How are SGBs reported in the ITR?

Sovereign Gold Bond (SGB) transactions should be reported under the Capital Gains (Schedule CG) section of ITR-2, ITR-3 or ITR-4, wherever applicable. The reporting depends on how the bonds were disposed of—whether they were redeemed with the Reserve Bank of India (RBI) on maturity or sold on a recognised stock exchange before maturity.

SGB tax treatment

The tax treatment depends on whether the income is interest or capital gains, and how the bonds were disposed of.

The annual 2.5% interest earned on SGBs is fully taxable, even though the bonds themselves enjoy certain tax benefits.

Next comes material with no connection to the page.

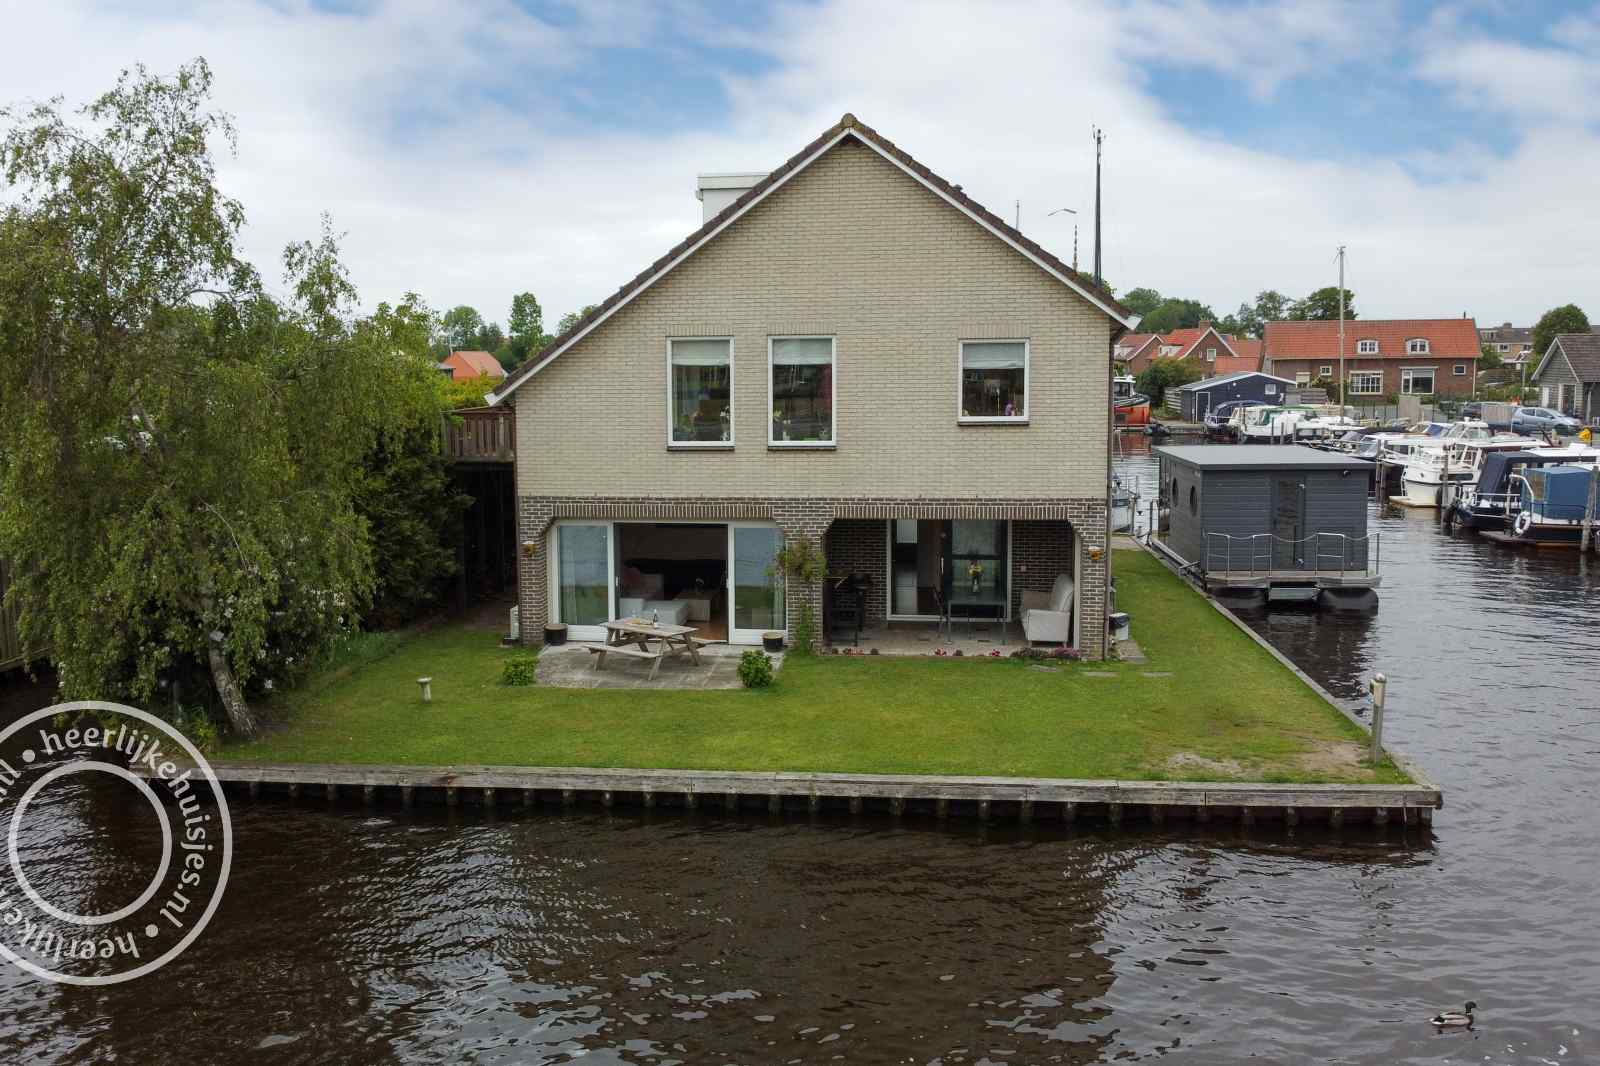 Gezellig vakantiehuis voor 4 personen aan het water in Giethoorn, Overijssel.

The interest is taxed in accordance with the investor's applicable income tax bracket and should be recorded under Schedule OS (Income from Other Sources). Because government securities are excluded from TDS under Section 193 of the Income-tax Act, there is no tax deducted at source (TDS) on this interest.

At maturity, redemption

According to the regulations in effect for AY 2026-2027, capital gains are not subject to taxation if an investor subscribed to the bond in the initial RBI offer and retains it until its scheduled maturity.

It is not included in taxable income since there is no taxable capital gain. Taxpayers may report the exempt gain in Schedule EI (Exempt Income) if appropriate.

SGB sale prior to maturity

The profits are taxable and must be reported under Schedule CG (Capital profits) if the bond is sold on a recognised stock exchange prior to maturity. The applicable tax depends on the holding period:

Short-term capital gains (held for up to 12 months): Taxed at the investor's applicable income tax slab rate.
Long-term capital gains (held for more than 12 months): Taxed at 12.5%, subject to the applicable provisions.

What Budget 2026 changed

A significant modification in Budget 2026 is that the capital gains exemption on redemption will only be available to original subscribers who buy SGBs at the time of issuance and keep them until maturity.

This exemption will not apply to investors who purchase SGBs from the secondary market. Any profits from the redemption of these bonds are subject to taxation and must be recorded under Schedule CG (Capital Gains).

The change will take effect in the Assessment Year 2027-2028.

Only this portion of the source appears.